Of, course, Josh has other issues, too. He definitely feels guilty about killing Ray (Andreas Apergis), and that doing so only cured him of the werewolf curse, not Nora. Apparently, murdering one’s maker does not extend the fix to the next limb of the family tree. For Nora to be a human again, Josh must die, and Josh has to live with the knowledge of what he has done to her, and that he can’t do anything about it, other than killing himself, which would also hurt her deeply.The U.S. version of BEING HUMAN has differed pretty drastically from its UK counterpart by this point, and Josh being human again is just one of the many ways. One wonders if Nora satisfies the werewolf contingent for the series, or if Josh will have to be turned back, possibly by Nora in some sort of poetic justice. Josh as a human or as a werewolf both present intriguing possibilities, so hopefully the human thing will be explored, at least for a little bit.

Nora and Josh do catch a break when they find a witch named Donna Gilchrist (Amy Aquino, The Finder, Harry’s Law). Donna can bring Sally back, but she needs $2000, the heart of someone Josh or Nora have murdered, and Sally’s body. And the spell will return Sally as a human.

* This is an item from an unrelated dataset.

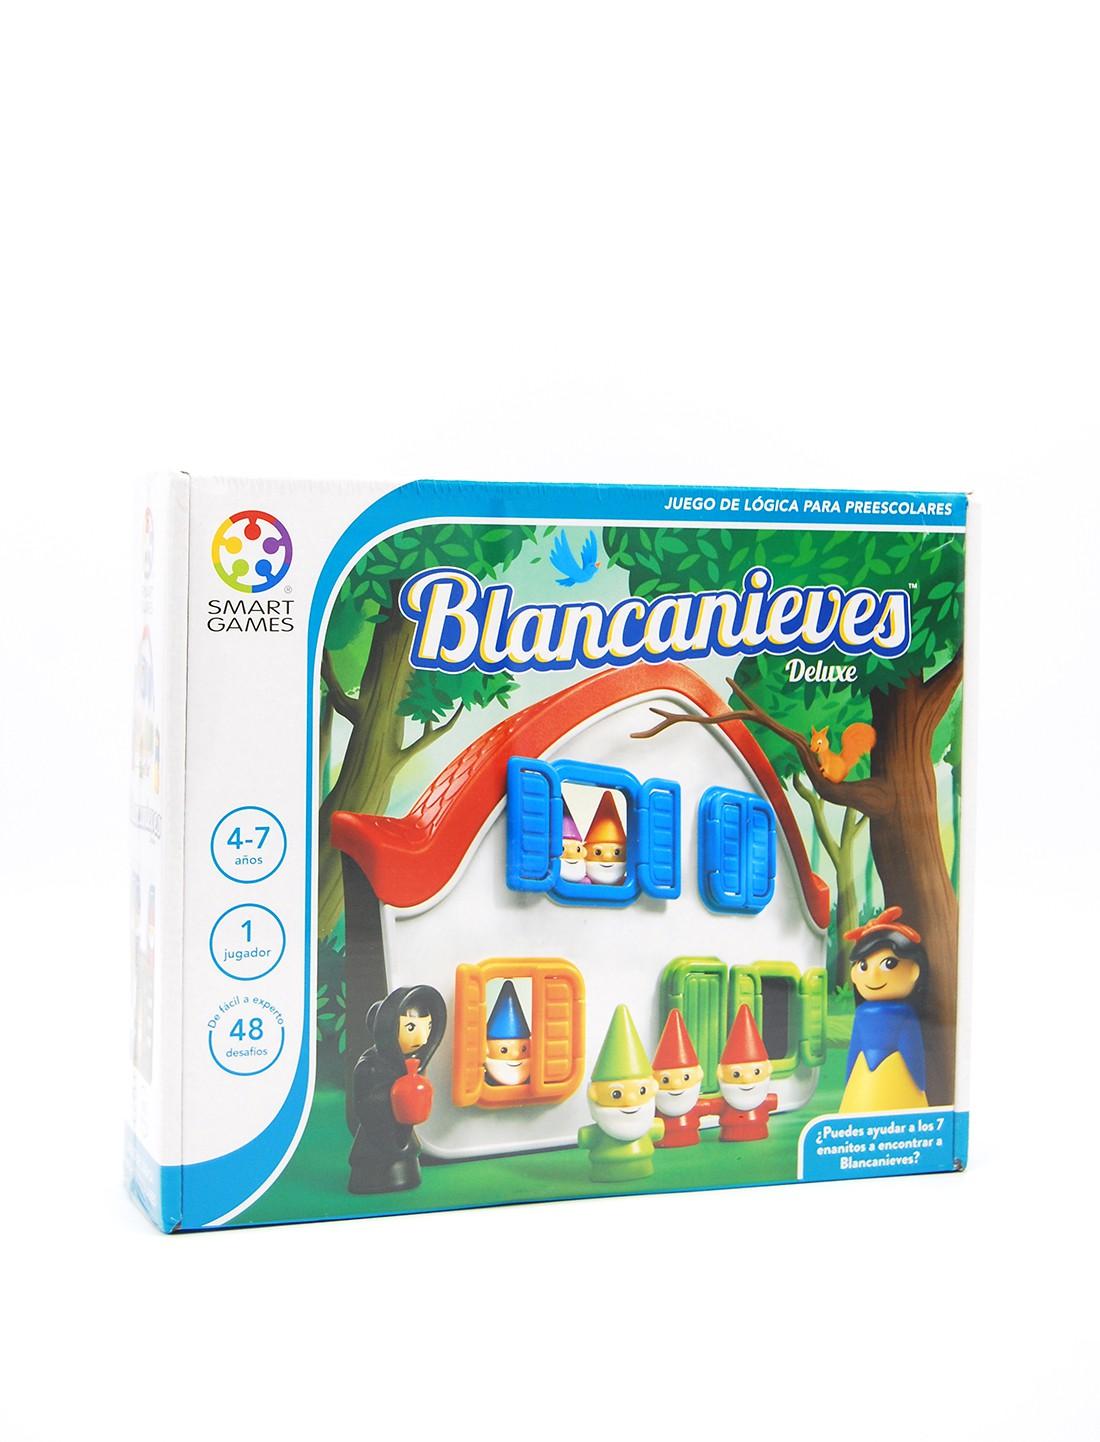 Blancanieves Deluxe. Smart Games

It’s a dark spell, to be sure, but I like how it all ties into Ray’s body, and Josh and Nora’s story. I do think that Donna has some dark plans having to do with Ray, as glimpsed at the end of the hour, and I don’t know what her motivations are to help, because I doubt it’s just for the money. There’s a mysterious and enticing character here, and I hope Aquino sticks around for awhile.

So Sally is brought back to life in “It’s a Shame About Ray,” as a human. Before you say “like Josh,” though, there are complications with Sally’s resurrection. Namely, she stuck close to Nick (Pat Kiely) and Stevie (Robert Naylor) while in limbo, and brings both of them through the door into her body with her, not realizing the consequences.

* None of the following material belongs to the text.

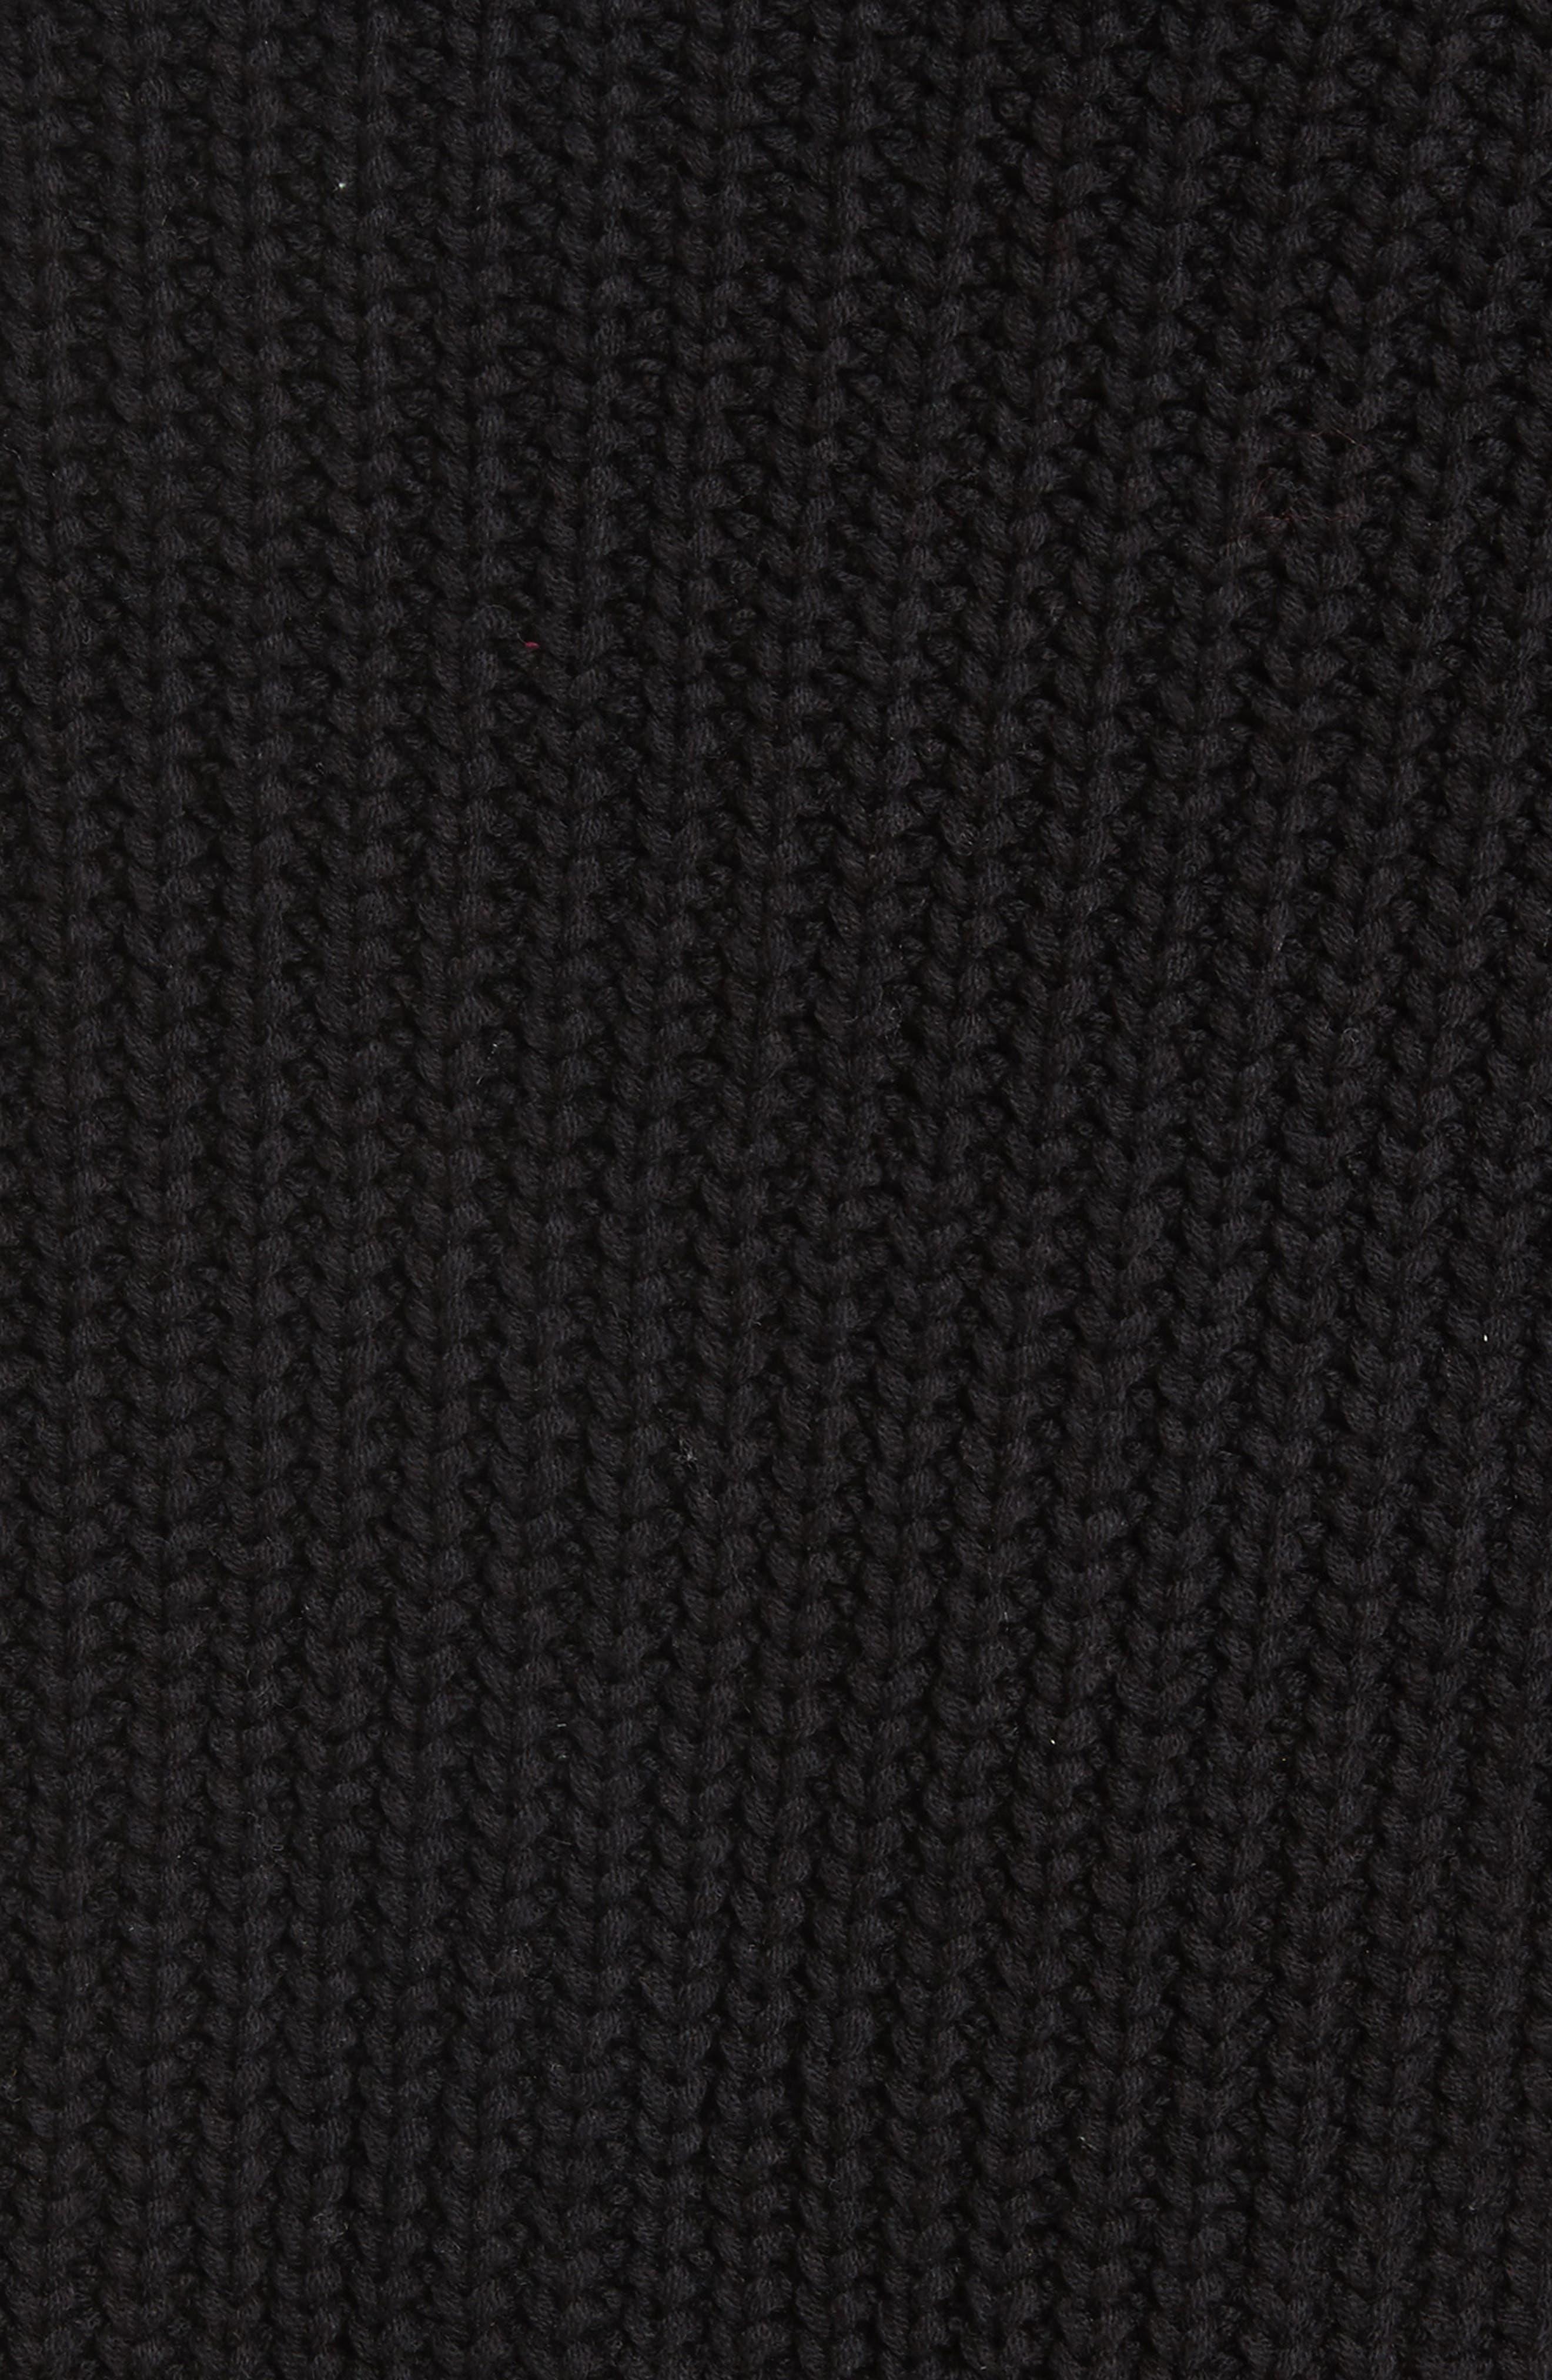 Swim Too Deep Turtleneck Sweater,                             Alternate thumbnail 5, color,                             001

From the way that Sally lies gasping on the bed, one has to wonder, is she suffocating because three souls don’t fit in one body? Or is that just a symptom of her recovery from the traumatic ordeal of being resurrected? Will the three take turns sharing control of Sally’s body? If so, will the writers make the obvious sex-related jokes out of the situation? Or might the boys have woken up in their own bodies, buried under ground and decomposing, not having the suave made from Ray’s heart to restore their physical forms, like Sally did? What will happen next? So many questions, AND we get a Stevie Nicks joke out of it! Well done!

The third member of the trio, Aidan, is the most alone, as usual. And yet, he’s not. He hallucinates Sally and Josh with him every step of the way, below and above the dirt, proving his feelings for them are just as strong as how they feel about him, something that one might have doubted earlier in the series.Aidan has been through a terrible experience, being buried alive and left there, then dug up by a crazy member of the Amish cult, who subsequently dies after trying to kill Aidan. He needs Josh and Sally, and yes, Bishop (Mark Pellegrino), too, to help him will the motivation to survive, being close to a final death repeatedly. Aidan isn’t as much a loner as he would have his friends believe, and with their moral support, imagined or real, he should eventually be able to get home.

As “It’s a Shame About Ray” gives us this very personal story for Aidan, we also get clues as to bigger going-ons in the vampire world. Mother (Deena Aziz) is dead, as is much of her order, due to a very timely human flu. Their civilization is crumbling around them. Will Aidan want to get involved, and if so, how might he see himself in the new power structure?

The only thing I didn’t like in the hour was the flashback where we see Josh not turn into a wolf, and Nora does. It seems unnecessary, and as the only glimpse we get of that time period, extraneous. It is already explained well enough without showing it, and the scenes does almost nothing to add to what is already understood about the characters.

This episode of BEING HUMAN is probably one of my favorites of the series, giving three separate stories for the three main characters, and yet, connecting them in intimate ways. It balances the character-driven plot with the larger action arcs, and does so in a way that feels completely organic. It may have taken three years, but if this episode is any indication, BEING HUMAN is truly finding its stride.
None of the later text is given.